|International Journal of Computer Applications
|Foundation of Computer Science (FCS), NY, USA
|Volume 128 - Number 15
|Year of Publication: 2015
|Authors: Sushilkumar N. Holambe, Ulhas B. Shinde, Bhagyashree S. Choudhari
Sushilkumar N. Holambe, Ulhas B. Shinde, Bhagyashree S. Choudhari . Image Binarization for Degraded Document Images. International Journal of Computer Applications. 128, 15 ( October 2015), 38-43. DOI=10.5120/ijca2015906451
Image binarization is the separation of each pixel values into two collections, black as a foreground and white as a background. Thresholding technique is used for document image binarization. Image binarization plays vital role in segmentation of text from the document images that are badly degraded due to the high inter\intra variations between the foreground text of document images and document background.
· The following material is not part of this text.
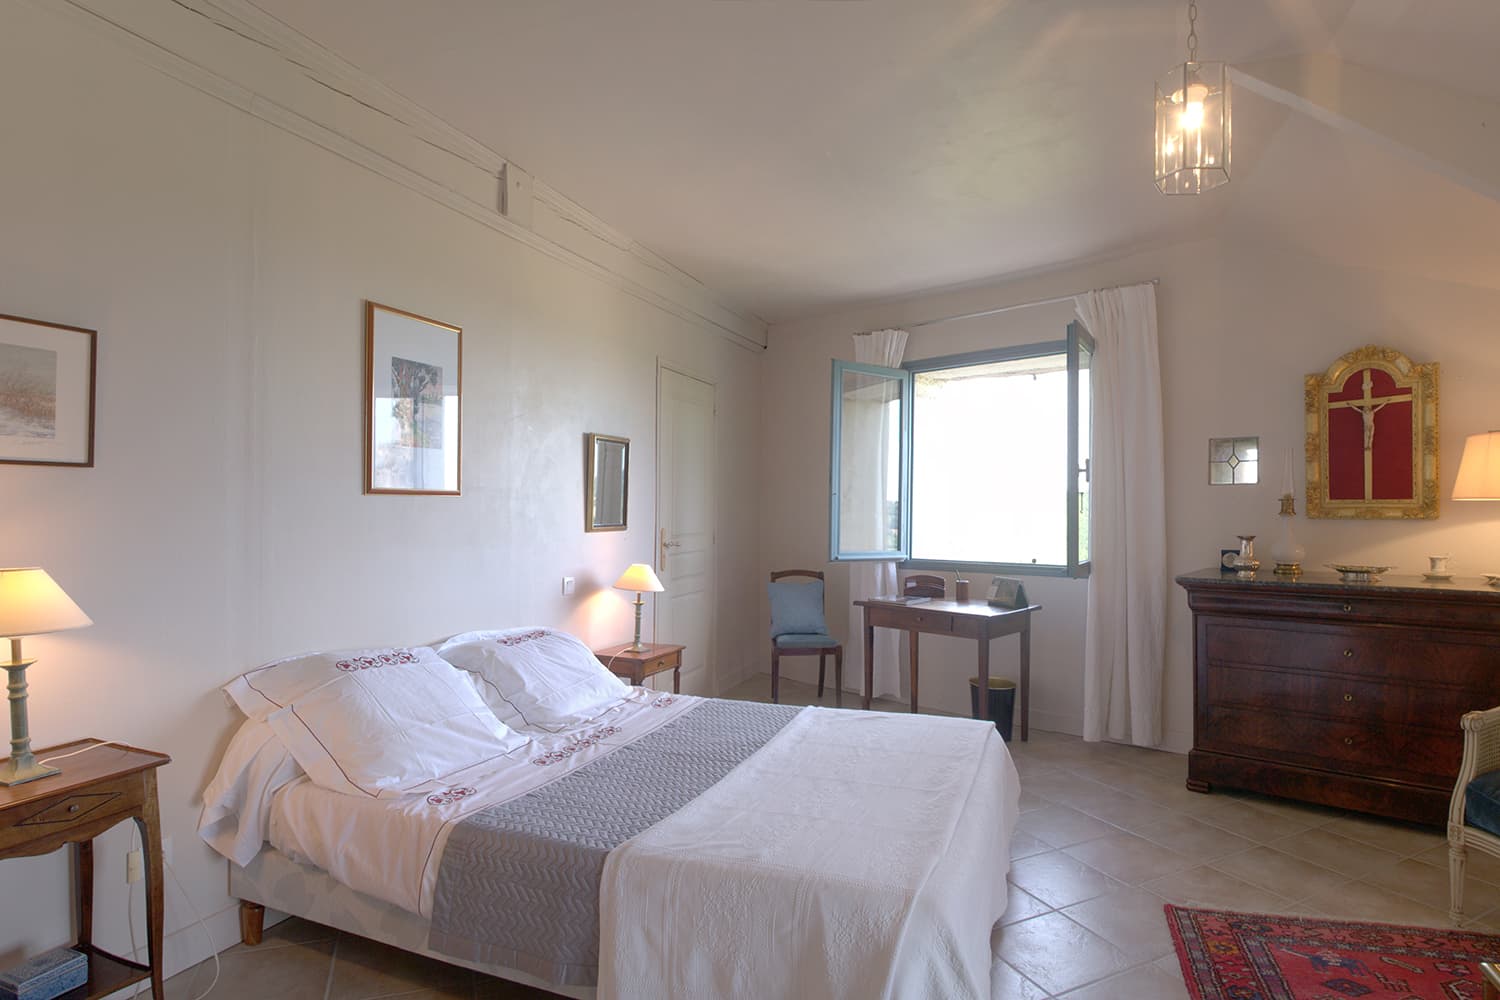 Bedroom | South West France rental home

This paper, proposes technique to address the issues of degraded images using adaptive image contrast. The adaptive image contrast technique is a combination of the local image contrast and the local image gradient. And they are tolerant to variation of text and background. Such variations are caused by number of document degradations. The proposed technique, constructs adaptive contrast map for degraded image .the contrast map is combined with Canny’s edge map, for the identification of text stroke edge pixels. Thresholding technique can be applied as global technique and local technique. Global thresholding is suitable for a document where there is uniform contrast delivery of background and foreground. However global thresholding fails to the applications where difference in contrast, Extensive background noise and difference in brightness exists. in such circumstances categorization of many pixels as a foreground or as a background is not so easy. Local thresholding plays significant role in such cases. Local thresholding technique uses local threshold t; w.r.t .local window to segment the document image .this local threshold t is estimated based on the intensities of detected text stroke edge pixels. The proposed method is simple, robust, and involves minimum parameter tuning. It has been tested on three public datasets that are used in the recent document image binarization contest (DIBCO) 2009 & 2011 and handwritten-DIBCO 2010.